Monitor, Measure and Adapt
AI search is changing rapidly and what works today may need adjusting in six months. The organisations that will benefit most are those that build measurement into their process from the start.
Track which of your pages appear in AI Overviews using Google Search Console data. Monitor whether your brand is being cited in ChatGPT or Copilot responses by running regular test queries. As Search Engine Land has recommended, planning for GEO should be a core part of your search strategy going into 2026 and beyond.
For B2B organisations specifically, pay attention to how AI tools handle your competitive position. If a competitor is being cited for a topic you consider your speciality, that is a clear signal to strengthen your content and technical foundations in that area.
The organisations that treat AI search visibility as a measurement problem rather than a guessing game will be the ones that adapt fastest. If you are not tracking where your content appears in AI-generated responses, you have no way of knowing whether your strategy is working or where it needs to change.
Review your structured data regularly to ensure it stays valid as your site changes. Test new schema types as they become available. Keep your content fresh and factually accurate, because AI systems are increasingly able to identify outdated information and will deprioritise it accordingly.
Getting Started With AI Search Optimisation
The shift towards AI-powered search doesn’t require a complete website rebuild. For most B2B organisations, it’s a matter of auditing what you already have, filling in the technical gaps and adjusting your content approach to account for how AI models consume and present information.
Start with the checklist above and address the high-priority items first. If you’re looking for immediate actions, these three tend to have the biggest impact:
- Review your robots.txt for unintended AI crawler blocks that may be preventing your content from being cited
- Validate your structured data and fix any schema that’s outdated or returning errors
- Assess whether your most important content is accessible to crawlers rather than locked behind forms or PDFs
The organisations that move early will be the ones AI tools learn to trust and cite, and in a competitive B2B market, that visibility compounds over time.
FAQs
What is generative engine optimisation (GEO)?
Generative engine optimisation is the practice of structuring your website content so it can be found, understood and cited by AI-powered search tools like Google AI Overviews, ChatGPT and Microsoft Copilot. It builds on traditional SEO by adding structured data, clear content hierarchies and authoritative signals that AI models use when deciding which sources to reference.

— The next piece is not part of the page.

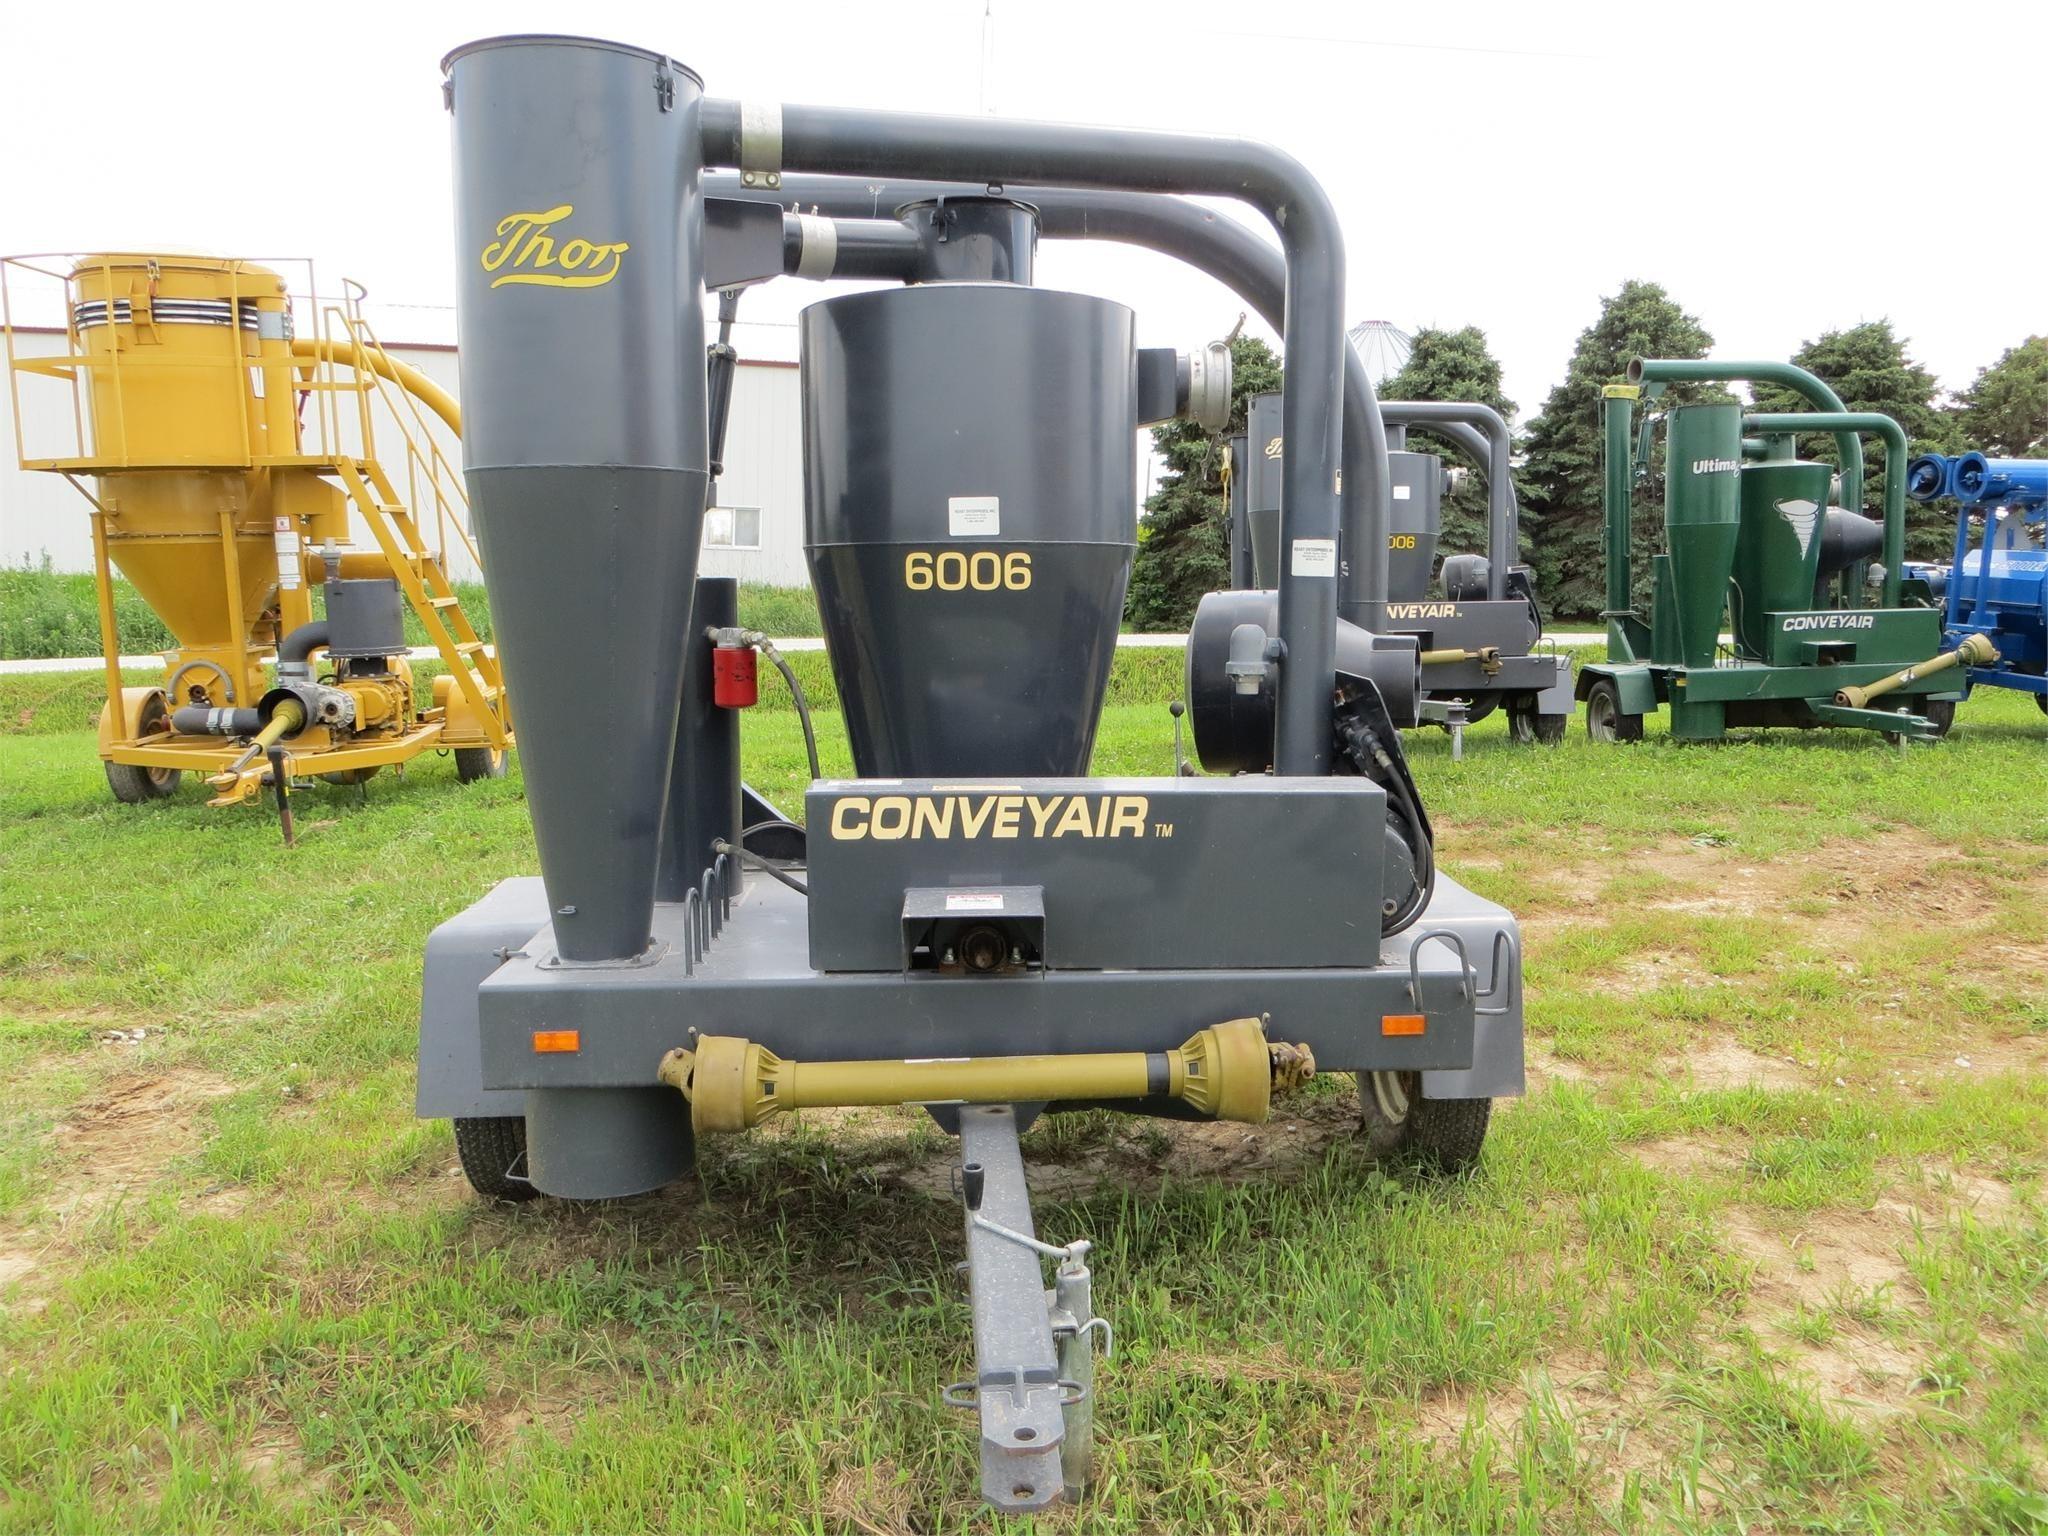 2006 ConveyAir 6006 Grain Vac

Do B2B websites need different AI search optimisation than B2C?
The core technical requirements are the same, but the content strategy differs. B2B organisations need to demonstrate deep topical authority across complex service areas, often with longer and more detailed content that addresses multiple stages of a buying cycle. B2B buyers do more research before making contact, so being cited by AI tools during that research phase is particularly valuable.
Which schema markup types matter most for AI search?
FAQ schema, HowTo schema and Organisation schema are the most impactful for AI search visibility. FAQ schema helps AI tools pull direct answers from your content, HowTo schema provides clear step-by-step information, and Organisation schema establishes your business identity and credibility.
How can I check whether my website appears in AI Overviews?
You can run test queries related to your services in Google and check whether an AI Overview appears and whether your site is cited within it. Google Search Console is also beginning to surface data on AI Overview impressions. Third-party tools are emerging that track AI citations across multiple platforms.